The DISAM file will be unloaded and the unload count will
be displayed.
The sequential file may also be the printer (PRN)or the
display (CON).
DELete:
The delete function allows you to delete a file while using
the DISAM utility program. Used during repacking of the DISAM
file.
CATalog:
The catalog function displays the current information about
the DISAM file. You will be prompted for the DISAM file name.
Below is a display of the pertanent information about the DISAM
file.
1) the key length
2) the key offset
3) control block size
4) index block size
5) data block size
6) next available block number
7) the maximum record length allowed
8) number of index records
(same as the number of data blocks)
9) number of index splits
10) number of data records
11) number of data splits
12) percent free space at load time
13) the share option
VERify:
The verify command is used to close files left open by
program ABENDs. You will be prompted for the DISAM file name.
Verify will display a message indicating how the file was found
and the catalog record count. It then will read the file
sequentially and display the actual record count.

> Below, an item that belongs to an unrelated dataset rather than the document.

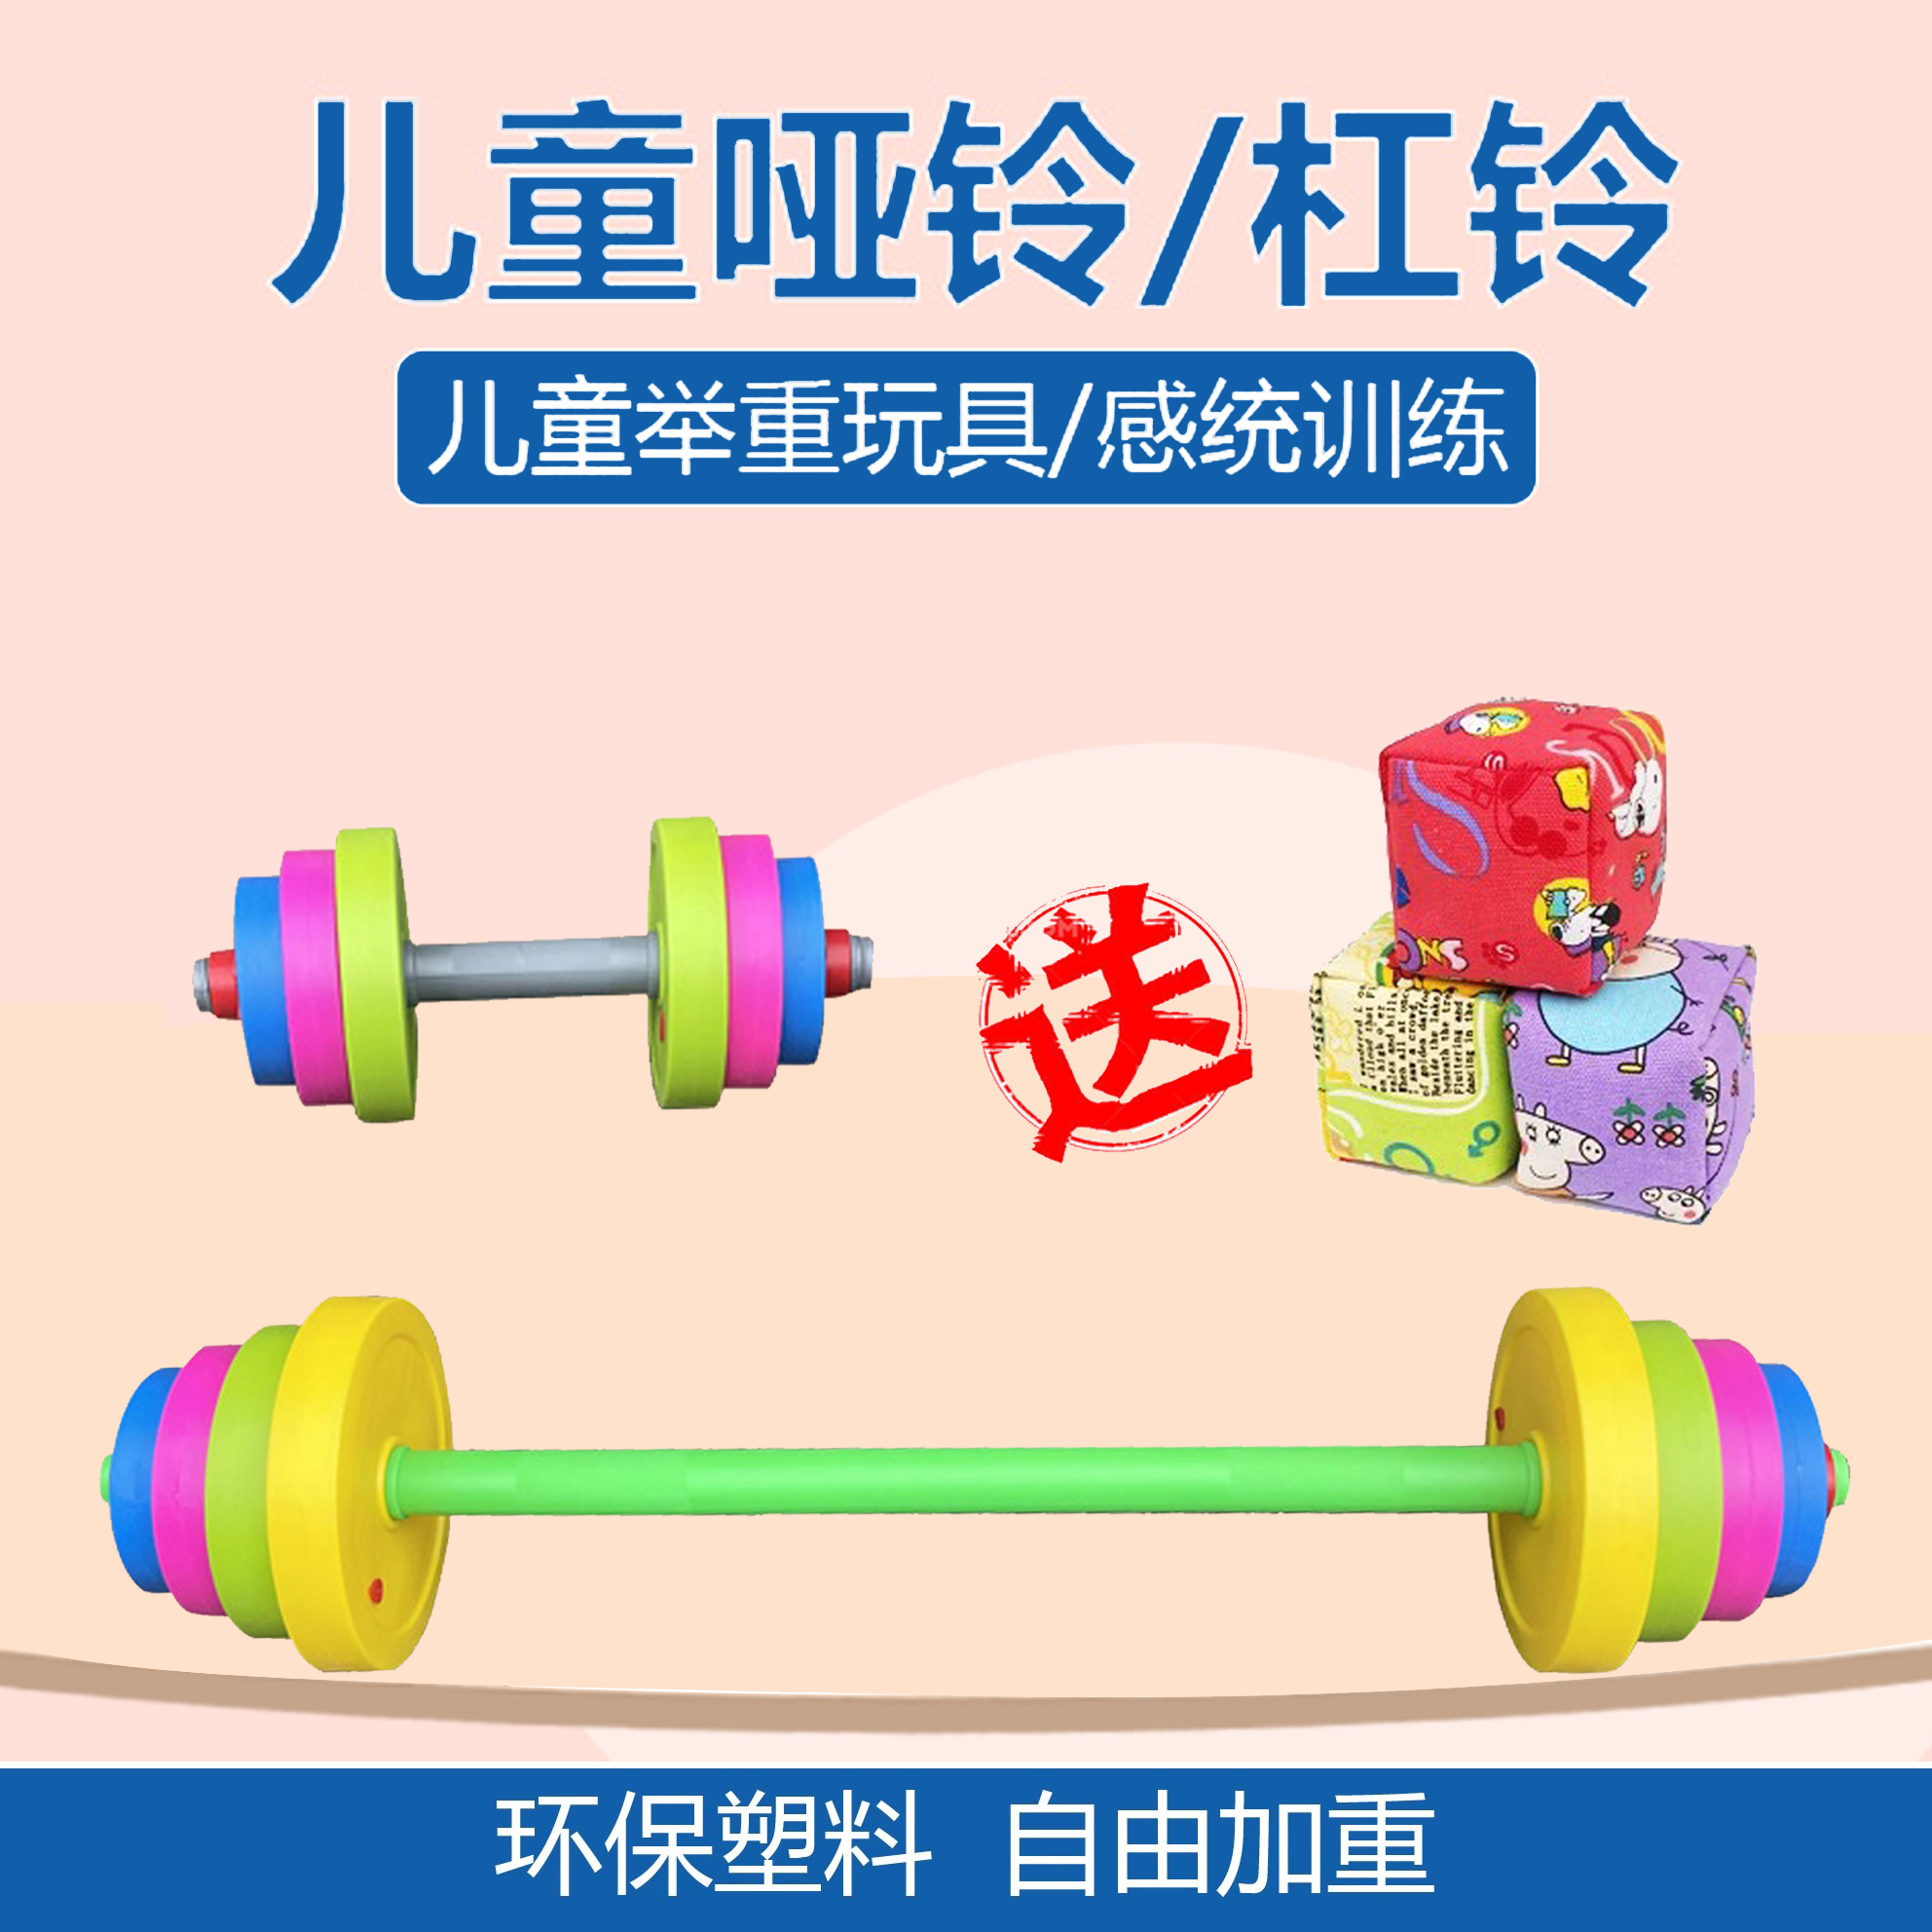 儿童举重器材小孩子杠铃玩具幼儿园塑料感统训练器材少儿哑铃健身

If there is a difference between the two record counts then
records were lost as a result of the program ABEND. Use the
"Immediate" command while debuging the program to prevent record
losses.
FREe:
The free command frees all 5 of the file handler's
buffers. This command is useful during program development to
clean up the buffers used by DFH3 after program ABENDs.
THE COMPRESS PROCEDURE
Because of the way the records are added, described above,
the DISAM must be compressed from time to time. The following is
the recommended procedure.
run DISAM
select CAT to get the file key length and offset
and the Index and Data buffer sizes.
select UNL to unload the DISAM file to a seq. file
select DEL to delete the DISAM file
select DEF to redefine the DISAM file
select LOA to reload the DISAM file
select CAT to verify record counts
select DEL to delete the seq. file
select END
Note:
If you are an assembler programmer, there is a sub routine
included in this package that will allow you to access DISAM from
the program as easy as:
mov si,offset datrec ;point to record key
call dsmget ;get the record
datrec db max_rec_len
ZAPS......
Zap fixes documented and applied to this product use the
PC-SIG software "PC-ZAP" located on disk #355. PC-ZAP is available
at your local authorized PC-SIG dealer.
SYSTEM ERROR messages:
You may get a system error message due to an internal
error. It will be in the form:
System Error occurred in DFH3 near 027D
AX=0005 BX=.. CX=.. DX=.. SI=.. DI=.. CS=264B DS=2724 ES=2830
AX= INT 21 RETURN-CODE
CS= SEGMENT ADDRESS FOR DFH3
DS= SEGMENT ADDRESS FOR THE BUFFER SPECIFIED
ES= SEGMENT ADDRESS OF THE CALLING PROGRAM (e.i. GWBASIC)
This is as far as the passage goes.